In fact, that architecture was inspired from one of those “easy to understand” research paper and implemented at my workplace by me using the Keras framework.

In this post we take a look at two of the most commonly used (apart from word2vec or word embeddings) layers of a deep neural network i.e. CNN and RNN (LSTM). There are so many cool blog posts and tutorials on both of them that I find it redundant to explain the fundamentals again.

Given a set of images belonging to fixed set of categories (e.g. cats vs. dogs, men vs. women etc.), what approach should we take to train a model to correctly classify an unknown image into one of those categories. Traditional methods would first grayscale the images (and most likely add some image processing on top of it like rotate, crop, blur etc.) and finally flatten out the pixels (pixels in a grayscale image are arranged into a 2D grid) into a 1D array, and then use the pixel values as inputs to a SVM or a neural net classifier. (A colored image would have a 3rd dimension for the RGB values).

But notice that once we flatten a 2D image into a 1D array of pixels, we lose information at the edges as well as information about neighboring pixels. But then how do we train a classifier such as a SVM or a neural network which only works with inputs of shape of a 1D array. How about we encode the information about neighboring pixels and pixels at edges into a single value and repeat this successively until finally we have arrived at an encoded matrix which can be flattened “safely” out to a 1D array and trained with a SVM or neural net. Basically we are using 2D hidden layers here.

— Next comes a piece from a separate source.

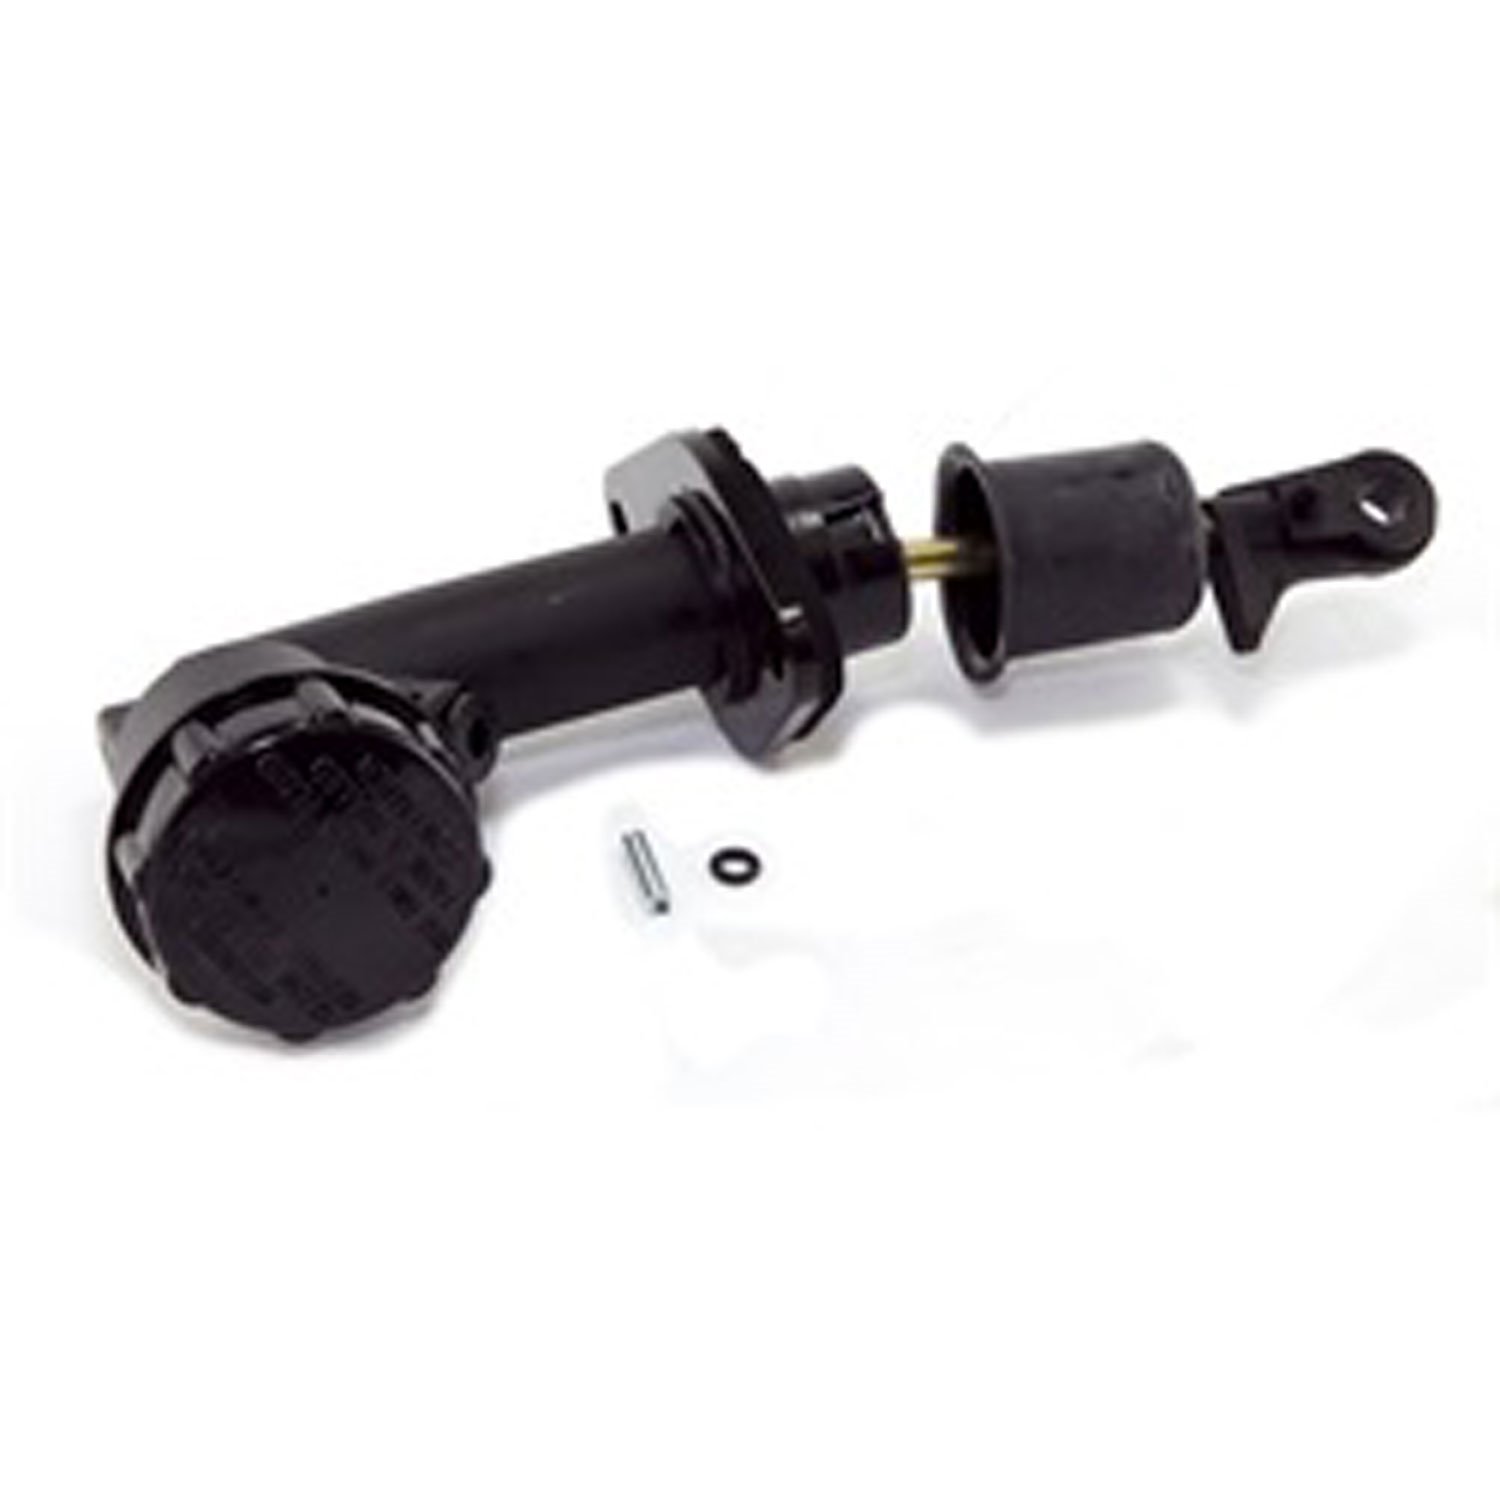 Replacement clutch master cylinder from Omix-ADA, Fits 94-96 Jeep Cherokee XJ
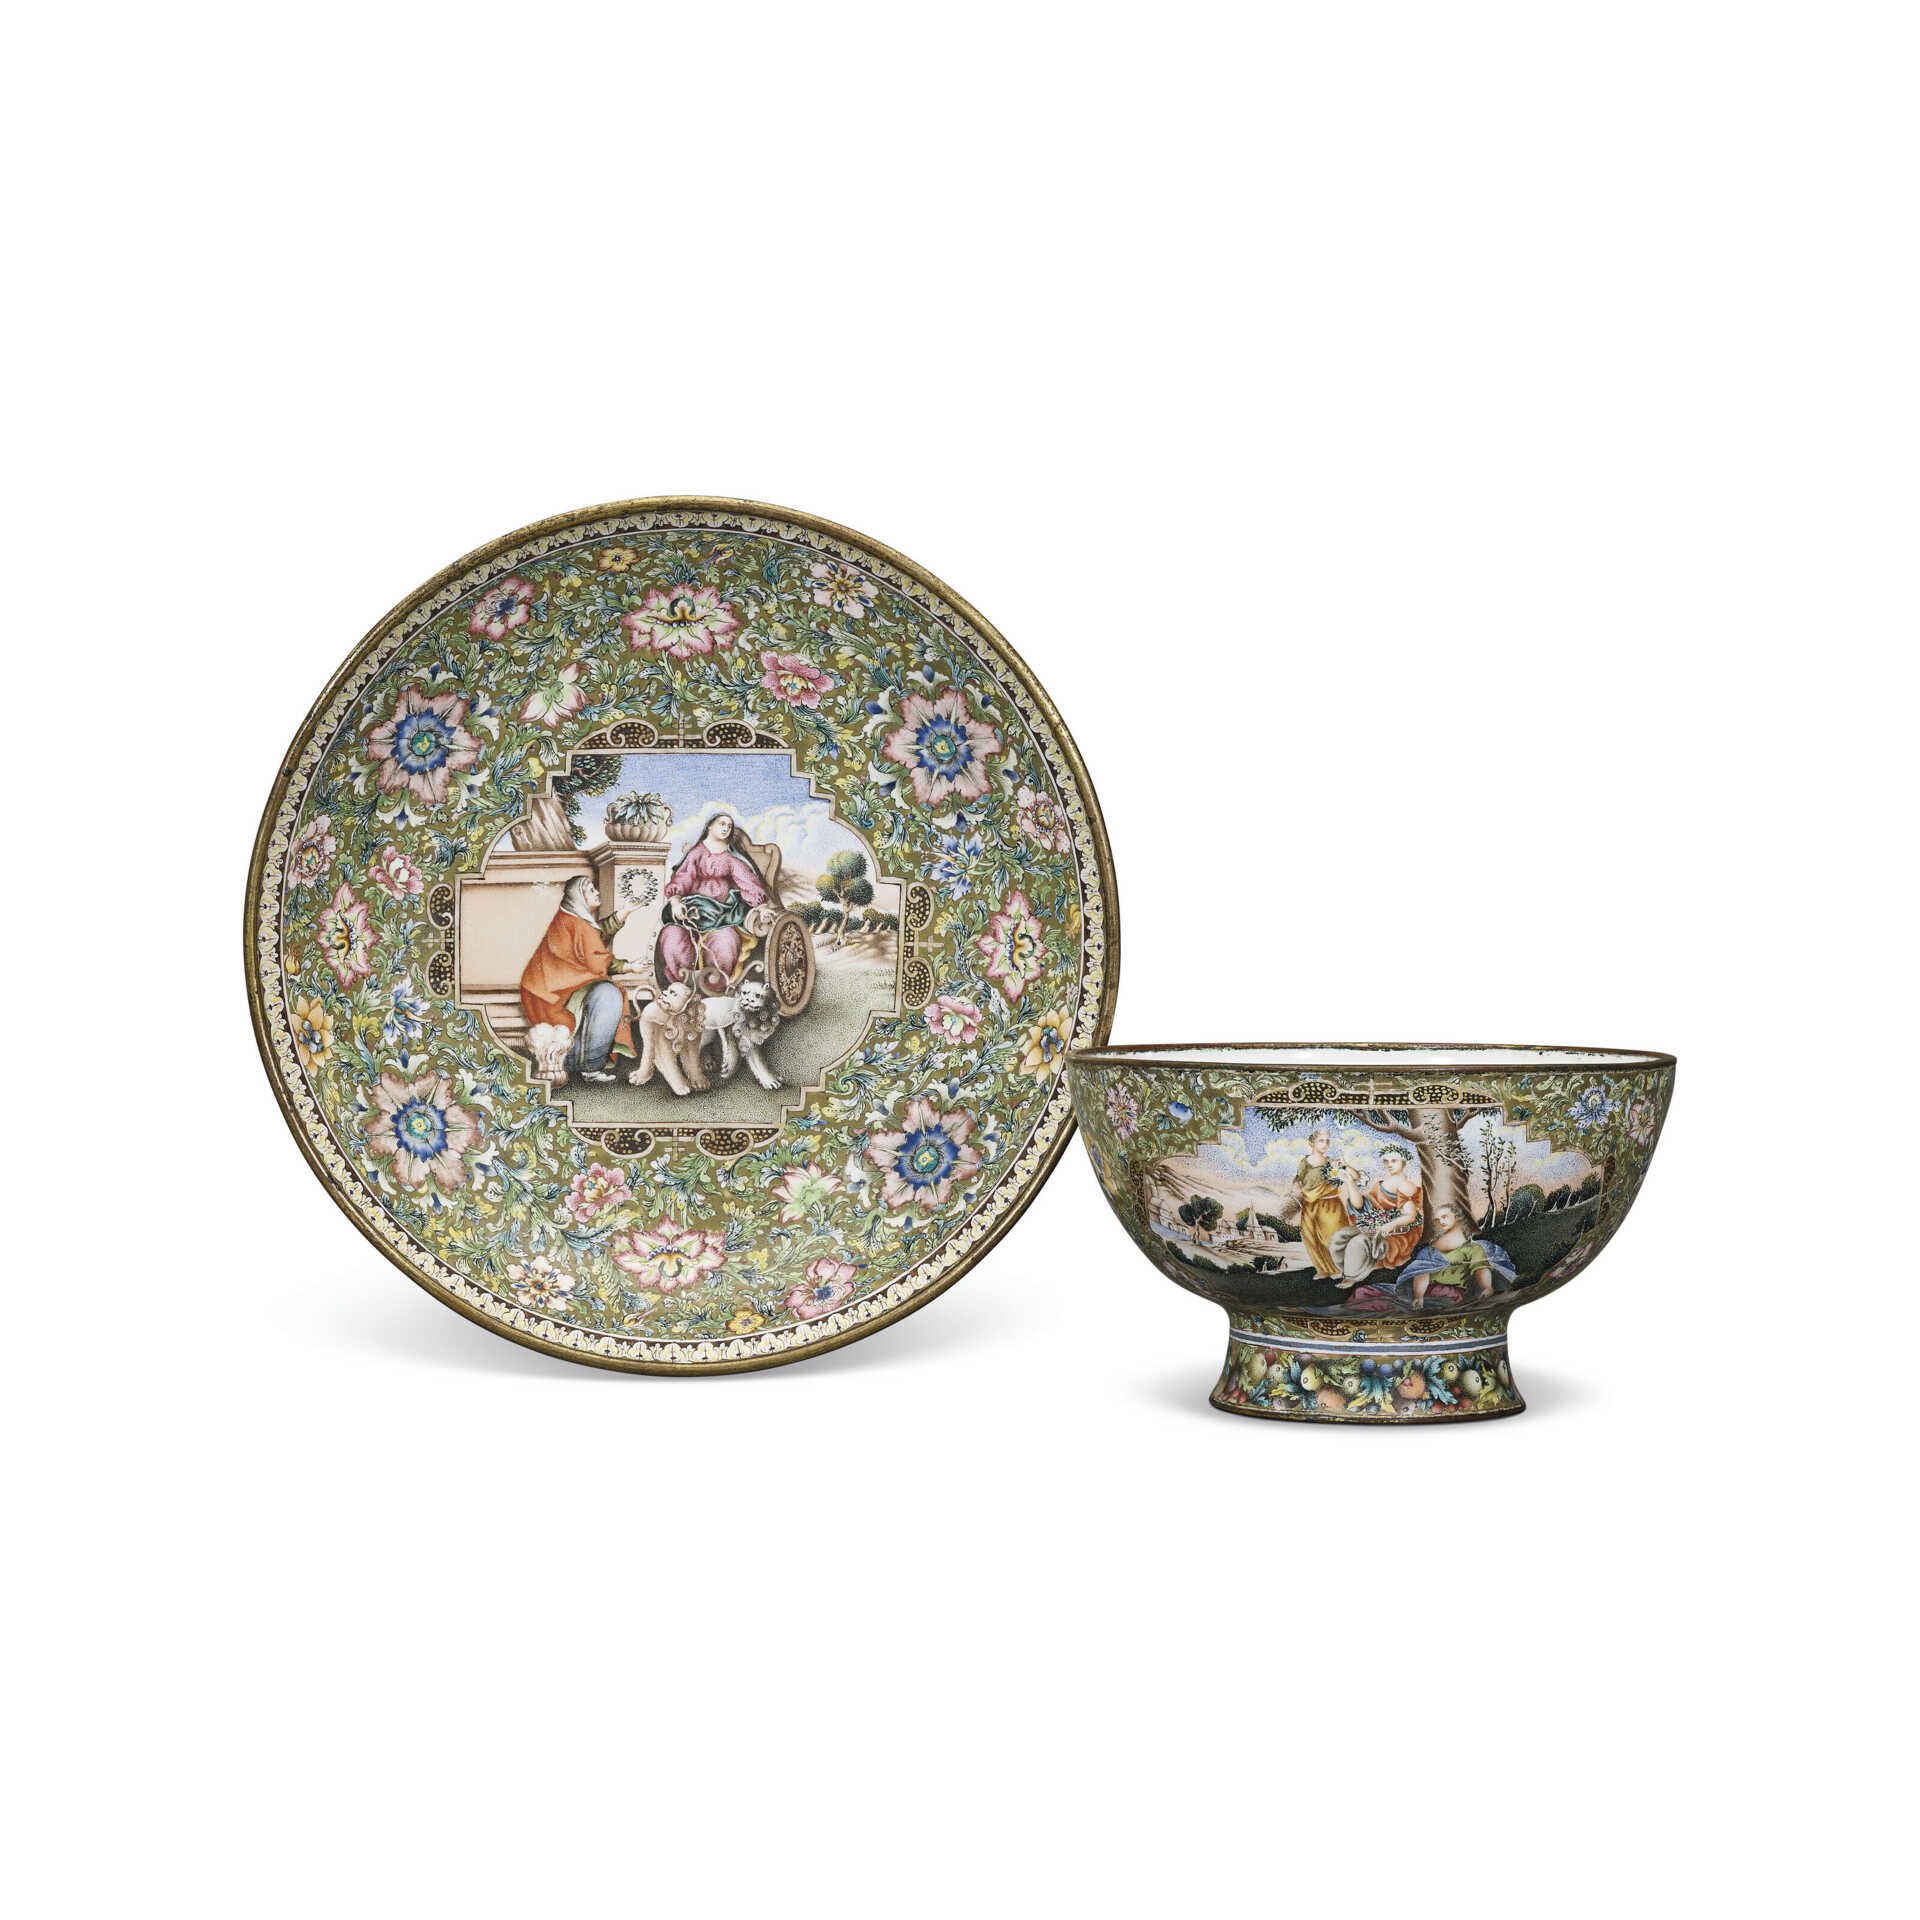 A RARE PAINTED ENAMEL CUP AND SAUCER

The yellow matrix [[1, 0, 1], [0, 1, 0], [1, 0, 1]] is an encoding function, that slides over the green matrix and produces a single encoded value from 9 neighboring pixel values each time, in that way even if we flatten out the smaller pink matrix, we would have still retained some information about the neighborhood pixel values.

Big matrix of pixels →(Magic happens) → Smaller matrix (encoded) →(Again magic happens) →Still smaller matrix(encoded) →…and so on, →Smallest possible matrix that can be safely flattened without the fear of losing neighboring pixel information.

The part where the “magic happens” is where CNN comes into picture. Each layer of CNN applies two stage hidden layer. In the first layer, we have these small matrices (known as filters or feature maps) that slide and convolve over the entire bigger matrix and produces a smaller encoded matrix. One feature map produces one smaller encoded matrix from one larger matrix. There can be multiple such f.maps and hence the output is an array of 2D matrices, each produced by one filter.

In the second stage, we have something called the pooling layer, that further reduces the size of the encoded matrix by 1/2 or 1/3 by pooling the maximum value from neighboring values in the encoded matrix.

We can have either one such layer of CNN or multiple such layers stacked one above the other. With multiple layers of CNN stacked on top of one another each layer learns composition of features (i.e. more complex features) from the layer below it. For example, if a certain layer learns to detect edges, corners and arcs in an image, then the layer above it might be able to detect shapes and objects.

How can CNN work with text data given that text data is inherently 1D ? Remember that, word2vec produces a vector for each word in a sentence, and thus a sentence can be represented as a 2D matrix (array of word vectors). But unlike in image where one pixel value in the 2D matrix represents one unit, in a text sentence, each word or more precisely each word vector is a unit. With image, filters can slide along both the X and Y axis, whereas with text, each filter (of length equal to the dimension of the word vector) can only move like a sliding window over the words but not along the word vector dimension.

Each word above is represented by a 5-length vector. 6 different feature maps are applied, 2 of size 4 (i.e. covering 4 words at a time), 2 of size 3 (covering 3 words at a time) and 2 of size 2. When we slide a size 4 map over 7 words, we get 4 scalar values and similarly sliding a size 3 map over the 7 words returns 5 scalar values and so on. Then after pooling, concatenate these scalars into a resultant vector and train a binary classifier.

But one can ask the question that why do we need CNN for text classification given there are already effective and popular algorithms such as XGBOOST, Neural Networks, Random Forests or SVM ? All the above algorithms works with TF-IDF scalar values of bag-of-words or N-Grams. If you analyze, then the above approach with CNN is same as the N-Gram approach, only difference is that the sliding window is over word vectors instead of words and word vectors can capture “meanings” of words.

There has been lots of work on using CNN for text classification as well as learning word and phrase embeddings instead of a Skip-Gram model.